Right now, the company has more overseas patients traveling to the United States; however, with the recent agreement with Ramsay Health Care and other top 10 hospitals worldwide, Swenson sees My Med Choices as “an organization without health care borders.”
“The United States has the best cancer treatment but only for the very wealthy,” she said. “In the United States, most insurance companies automatically reject a claim for CAR T-Cell Therapy, which can cost up to $1 million for treatment. Sheba Medical City in Israel has a 90% survival rate for CAR T-Cell Therapy for less than $300,000.”
The company signed a memorandum of understanding earlier this year with five South Korean medical firms, a more than $1 million contract that was facilitated by Export Delaware, a state agency under the Department of State. She’s also helped the state of Florida reduce costs for elderly dental patients by identifying reputable providers in Mexico and negotiating discounted rates there and has even helped individual clients in the final stages of life travel with their families to Switzerland, where euthanasia is legal.

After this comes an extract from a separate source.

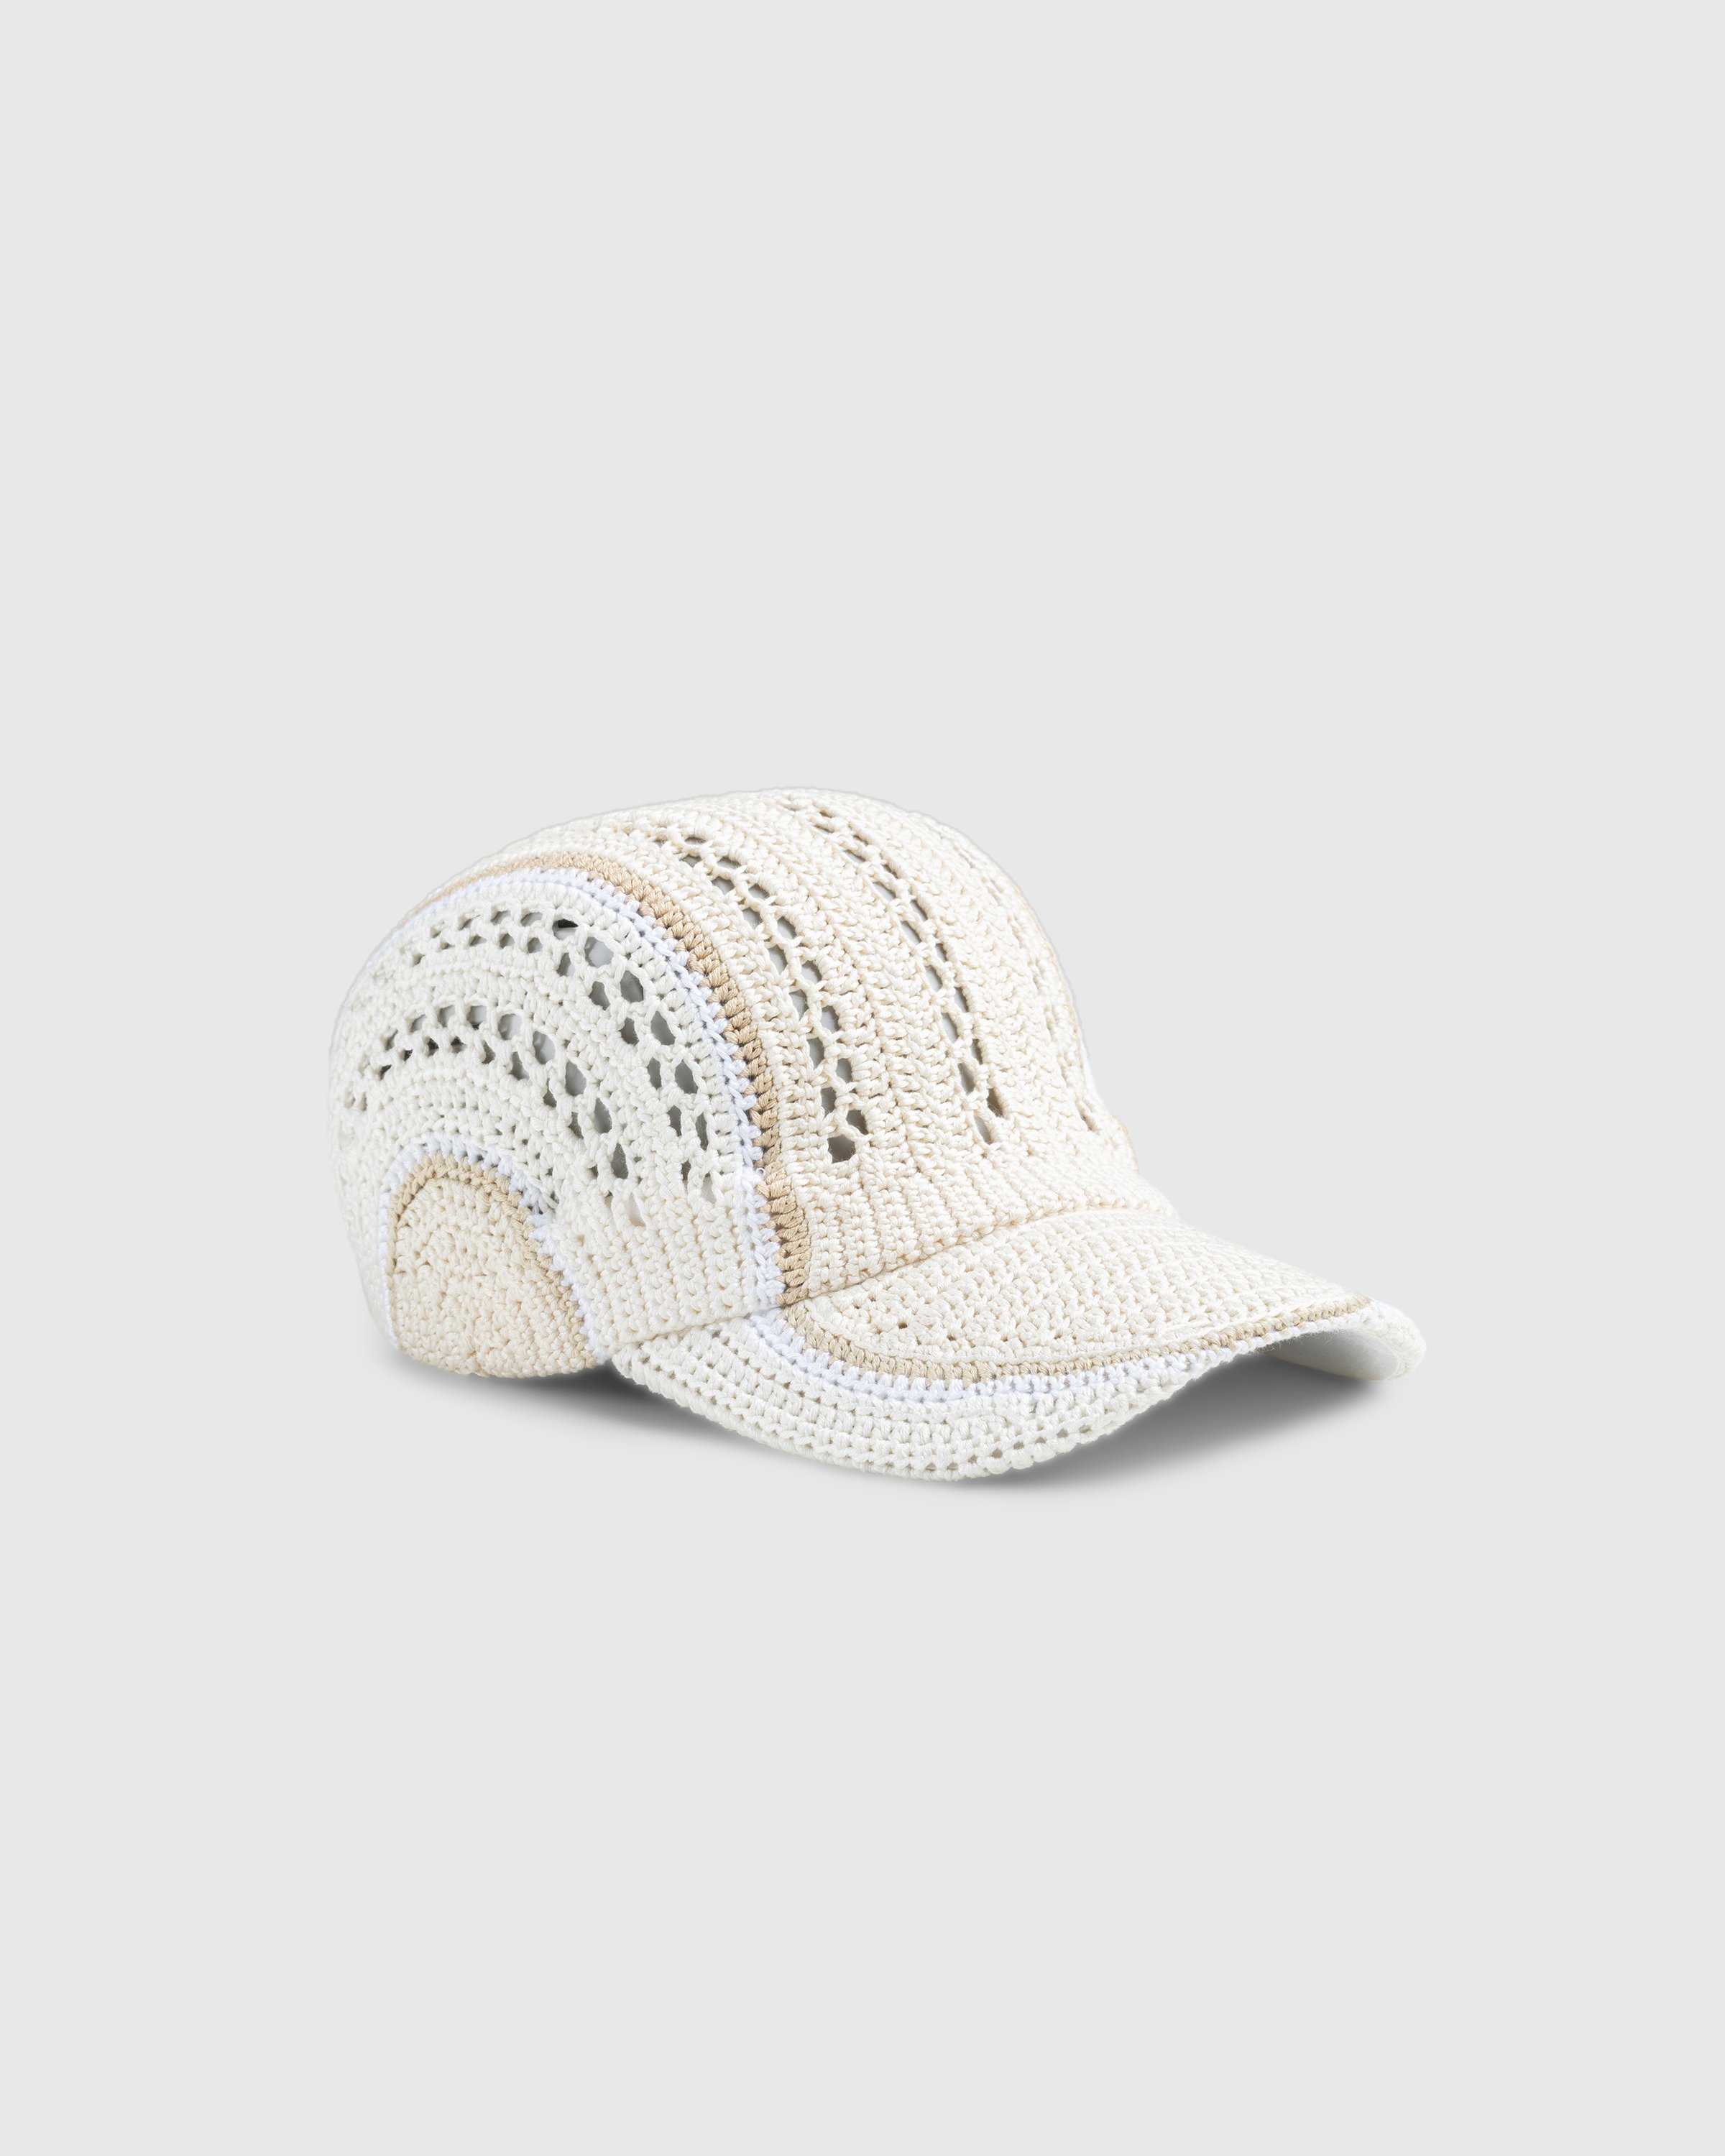 SSU - Crochet Baseball Cap Angel Ivory - Accessories - White - Image 1

The company’s new employees will be arranging visas and domestic and international flights; working with employers to identify cost savings; and guiding patients through the process. She will also be hiring a medical director and hopes to acquire a medical-records data management company soon.
Swenson said she will also be hiring a to-be-determined number of part-time nursing assistants and home-health aides to escort patients, transport data and act as translators where needed.
Looking ahead, Swenson said My Med Choices will collect data over the next five years from hospitals that describe themselves as “centers of excellence” and benchmark hospitals against each other. She also hopes to work with a Delaware college or university to create a Medical Tourism/Travel for Treatment certification program and hire top graduates to work for the company.
“None of this would have been possible without the help we’ve gotten from the Secretary of State’s office through the global export program and [Export Delaware Director] Beth Pomper’s targeted global mission and expert advice,” she said.